• **Task item**
All of the listing below must be repeated word for word. Pictures are the only thing to omit.

• **Information provided**
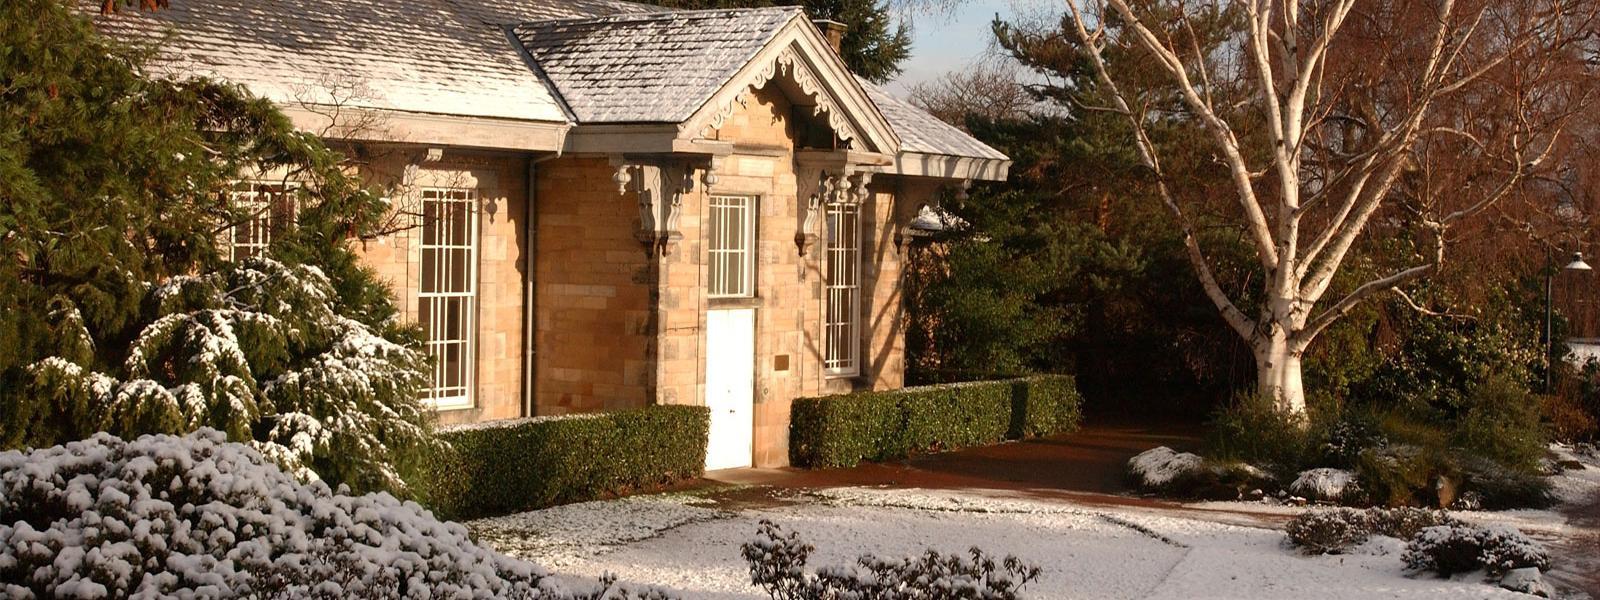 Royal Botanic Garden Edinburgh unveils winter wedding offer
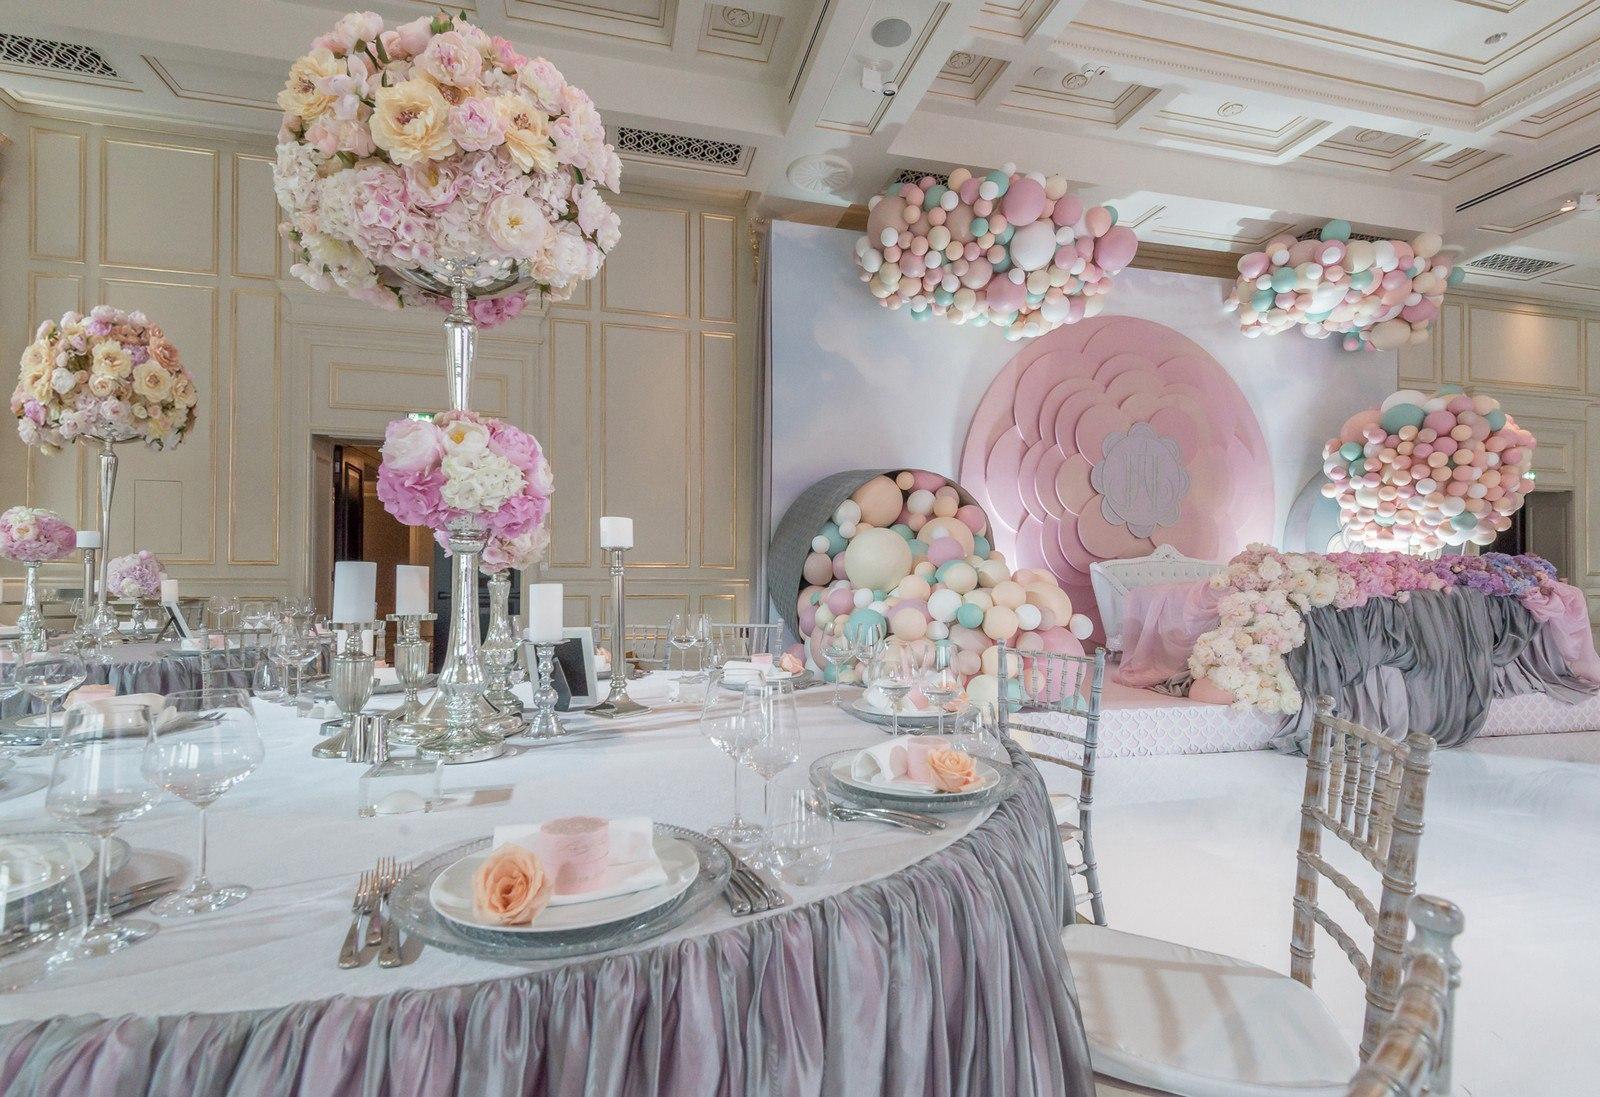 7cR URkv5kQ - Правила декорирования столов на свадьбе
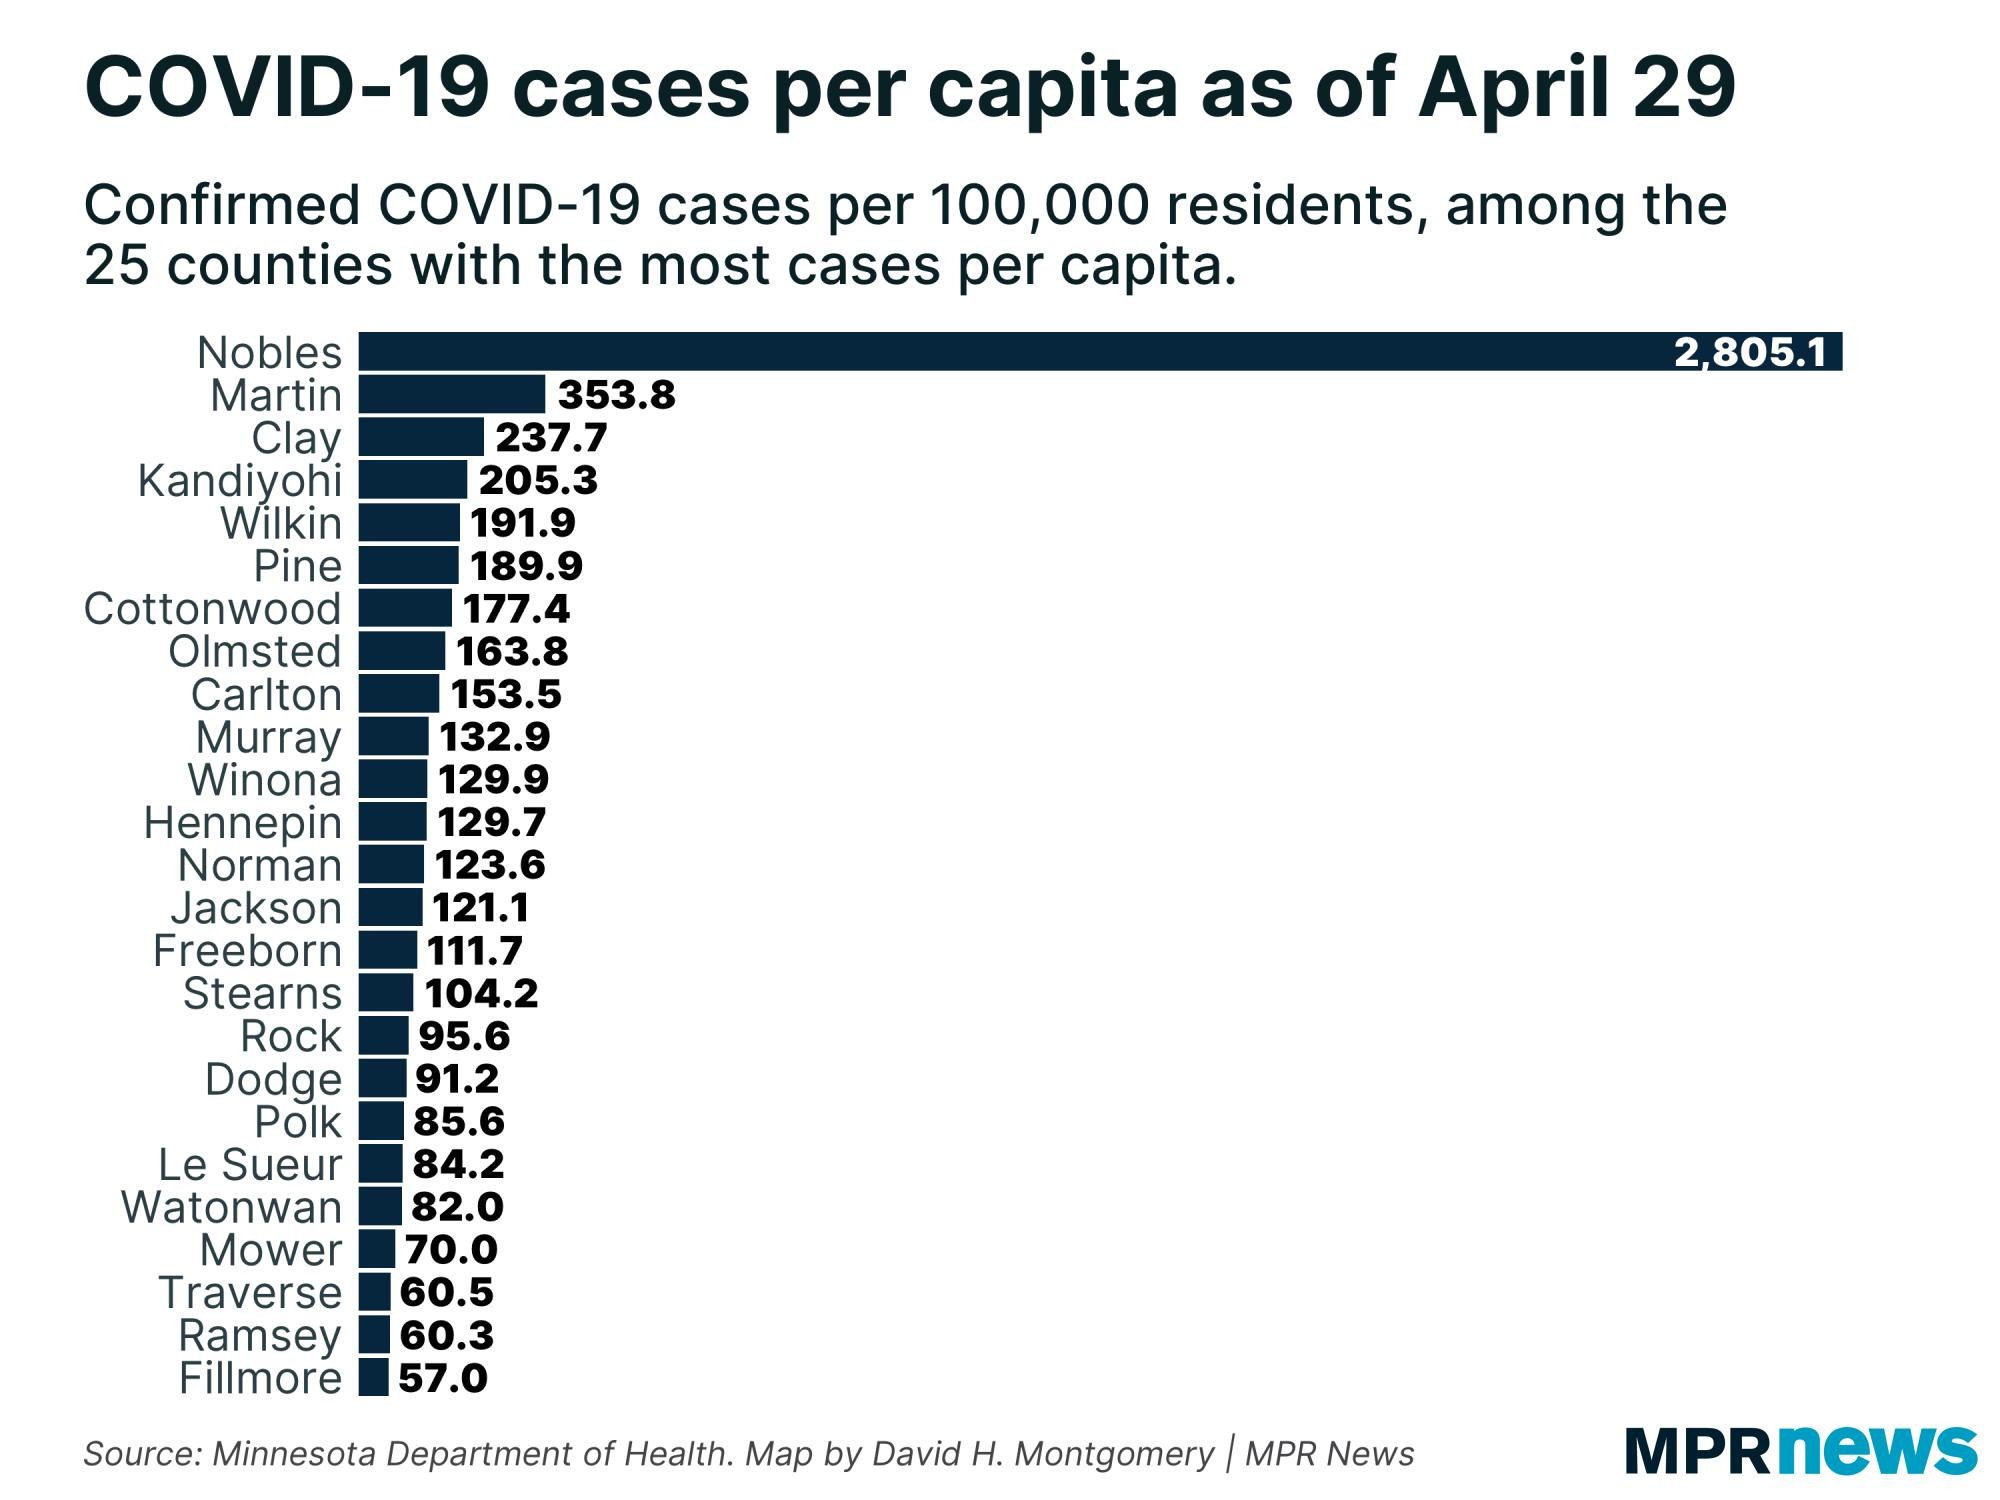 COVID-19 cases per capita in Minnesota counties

• **Response for this exercise**
 Royal Botanic Garden Edinburgh unveils winter wedding offer
 7cR URkv5kQ - Правила декорирования столов на свадьбе
 COVID-19 cases per capita in Minnesota counties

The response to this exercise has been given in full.